Werkgever stelt dat de werkzaamheden die resteren worden opgevuld door een herschikking van taken binnen de Organisatie. Deze uitleg achten wij aannemelijk mede gelet op het aantal planners dat resteert en het feit dat er ook bij andere activiteiten sprake is van een terugloop. […]Werkgever merkt op dat er feitelijk wordt teruggegaan naar de situatie van voor 1 januari 2019 toen werknemer in dienst trad. Ook toen waren de werkzaamheden die laatstelijk door werknemer werden uitgevoerd onderdeel van het takenpakket van de andere planners. […]

[…]

Herplaatsing

[…] .

Uit de door partijen verstrekte informatie blijkt dat er herplaatsingsmogelijkheden zijn besproken. Partijen zijn duidelijk over de onmogelijkheid om werknemer te herplaatsen binnen een chauffeursfunctie. Over de mogelijkheid tot herplaatsing binnen de functie planner spreken partijen elkaar tegen voor wat betreft de gevolgde procedure. Werknemer is van oordeel dat zij onvoldoende de mogelijkheid heeft gekregen hier op te reageren.
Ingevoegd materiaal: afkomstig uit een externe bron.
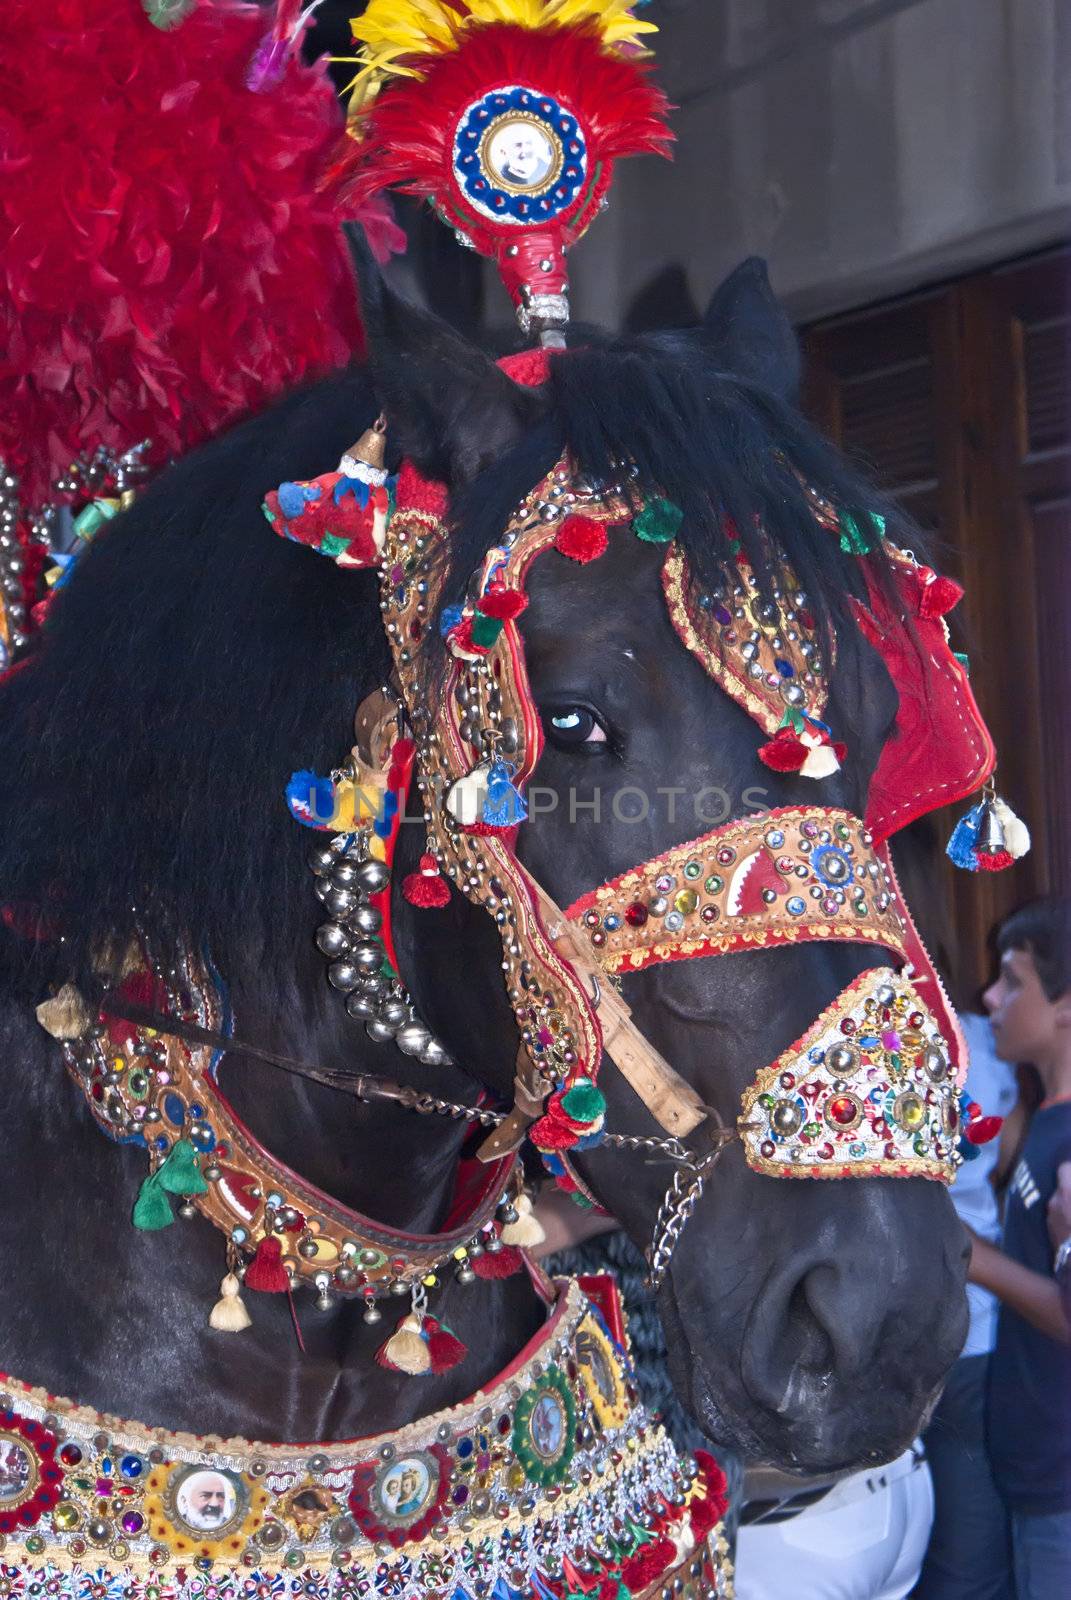  Folkloristic parade of traditional horse-cars in Sicily  by gandolfocannatella

Inmiddels heeft werkgever de functie vervuld, herplaatsing is daarom op deze arbeidsplaats niet mogelijk . Wij zijn van oordeel

dat nu niet objectief kan worden vastgesteld dat werkgever nalatig zou zijn geweest bij het aanbieden van de herplaatsingsmogelijkheid in de functie van planner, het hem niet kan worden aangerekend herplaatsingsmogelijkheden te hebben gemist.

Wij vinden daarom aannemelijk dat binnen de hiervoor genoemde periode herplaatsing van werknemer in een passende functie niet mogelijk is. […]”

2.8.

[verweerster] heeft [verzoekster] per brief van 17 juli 2020 – voor zover relevant – het volgende geschreven:

“[…] Hierbij zeggen wij uw dienstverband tegen 17 juli 2020 op. De laatste dag van uw dienstverband zal zijn op 8 november 2020. […]”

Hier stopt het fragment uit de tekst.